После жары во флигеле нам обоим показалось действительно великолепно.

— Мои предки были северяне, и, должно быть, я потому так плохо переношу ваше лето, — сказал Федор Петрович, расстегивая ворот сорочки.

Одна запонка выскочила и со звоном покатилась по полу.

— И не стану тебя подымать, проклятую, можешь хоть сквозь доски провалиться, — пробормотал ей вслед доктор.

Снимая с себя суконное платье, он одновременно приходил в хорошее расположение духа. Лицо его из сердитого превращалось в спокойное и задумчивое. Оставшись в одном белье, он похлопал себя по бедрам и сказал:

— Чу-удесно.

Мы легли каждый на свою кровать. Доктор, по обыкновению, закурил папиросу, а я просто подложил руки под голову. Некоторое время молчали. Слышно было только, как Федор Петрович сдувал пепел со своей папиросы.

— Скажите, доктор, — начал я, — отчего вы пошли служить в земство?

— Отчего я пошел служить в земство? Хм. Да видите ли, собственно говоря, мне хотелось остаться при клиниках, — но там чрезвычайно велика конкуренция, — хотелось еще поучиться. Заняться же сразу вольной практикой не хватало совести, да и очень уже мне было противно это получение гонораров. Собственно не самые гонорары, а именно способ втыкания их в руку. До сих пор не умею сделать в себе анализа этого чувства, но одним словом — органически противно. Вот там у Гоголя, у Глеба Успенского приходилось читать, как чиновники берут взятки, ну и мне почему-то казалось, что в этот момент и я похож на такого чиновника. Может быть, это отвращение стало результатом моего первого дебюта на поприще врача. Был такой случай…

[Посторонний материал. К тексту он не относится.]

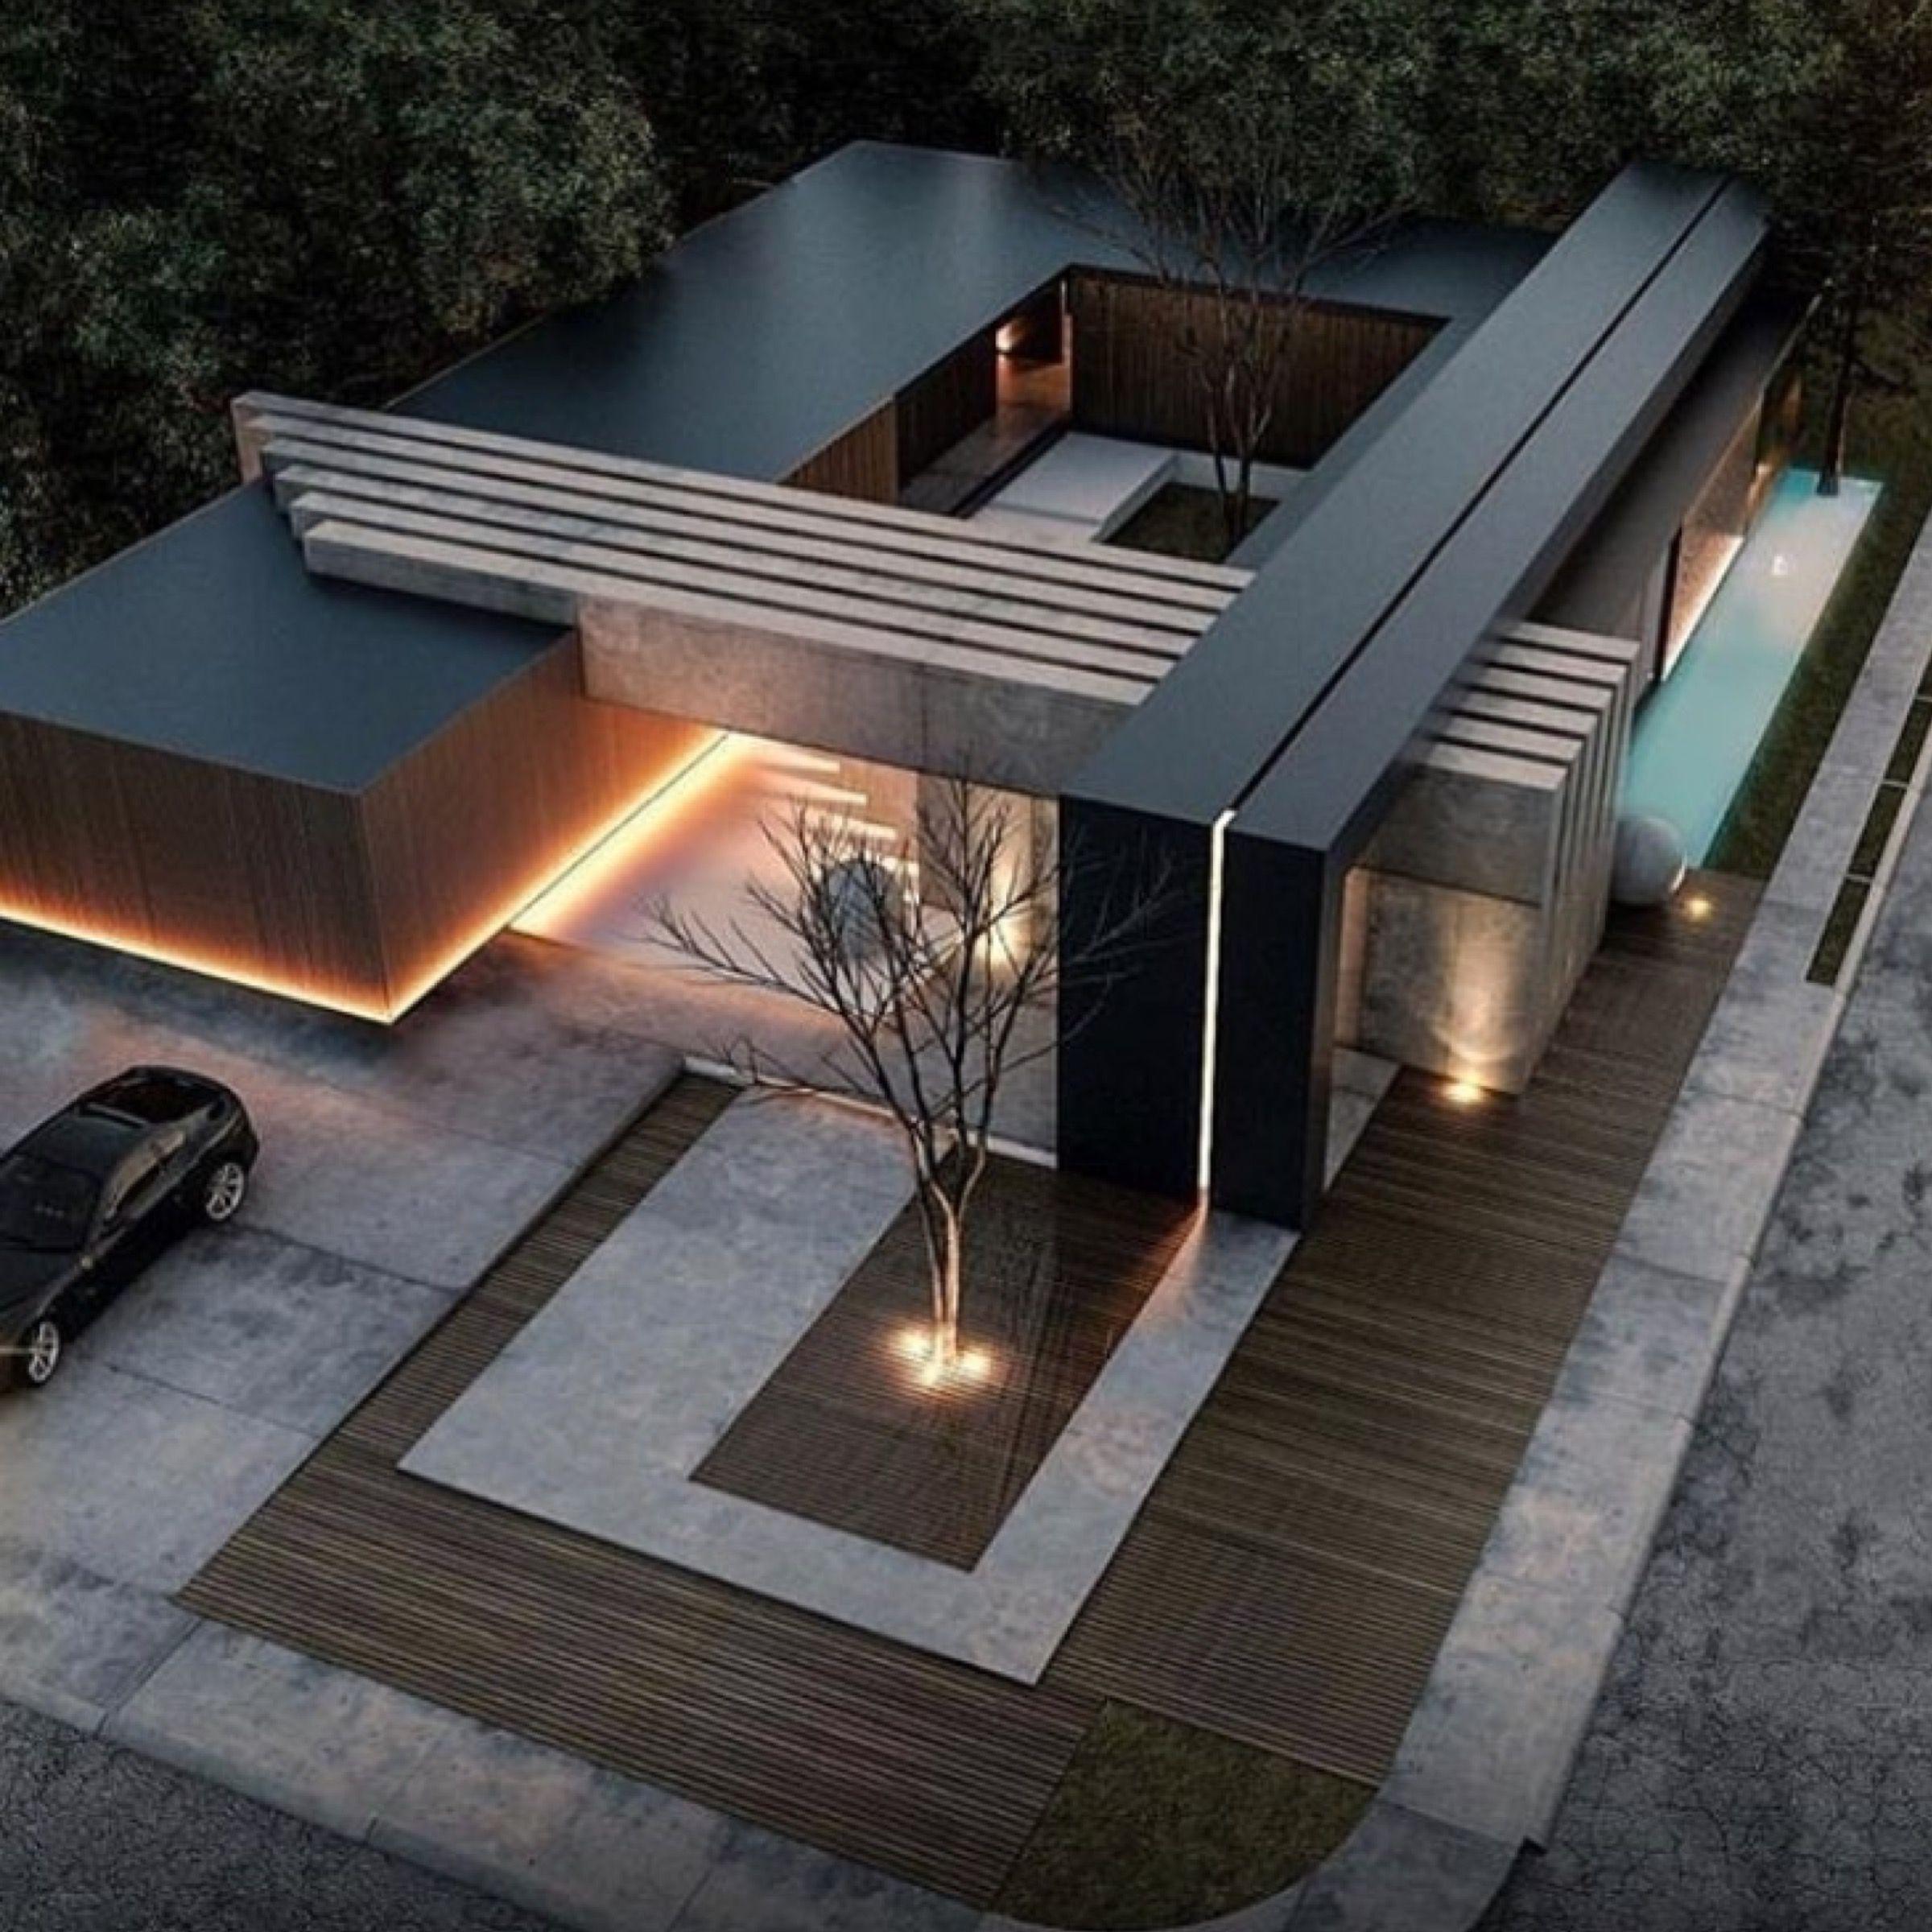 Pin von Marco López Teuvala auf BUILDING | Pinterest | Architektur ...

Федор Петрович замолчал и закурил новую папиросу, Не дождавшись продолжения рассказа, я спросил:

— Какой случай?

— Случай? хм… Помните, сегодня утром вы спросили: неужели на меня никогда не производила сильного впечатления ни одна женщина? Я, кажется, ответил, что я не каменный; так этот именно случай и относится к девушке, то есть теперь уже к женщине, которая когда-то производила на меня сильное впечатление…

Я весь притих. Меня всего охватило желание узнать, как и кого мог любить такой человек, как доктор. Обождав несколько моментов, я уже хотел было снова спросить его об этом случае, но какое-то чутье подсказало мне, что лучше молчать и ждать, пока Федор Петрович заговорит сам. Я как будто знал, что если он начнет рассказывать после моего вопроса, то это будет совсем не то сравнительно с рассказом, который польется у него оттого, что назрела потребность высказаться.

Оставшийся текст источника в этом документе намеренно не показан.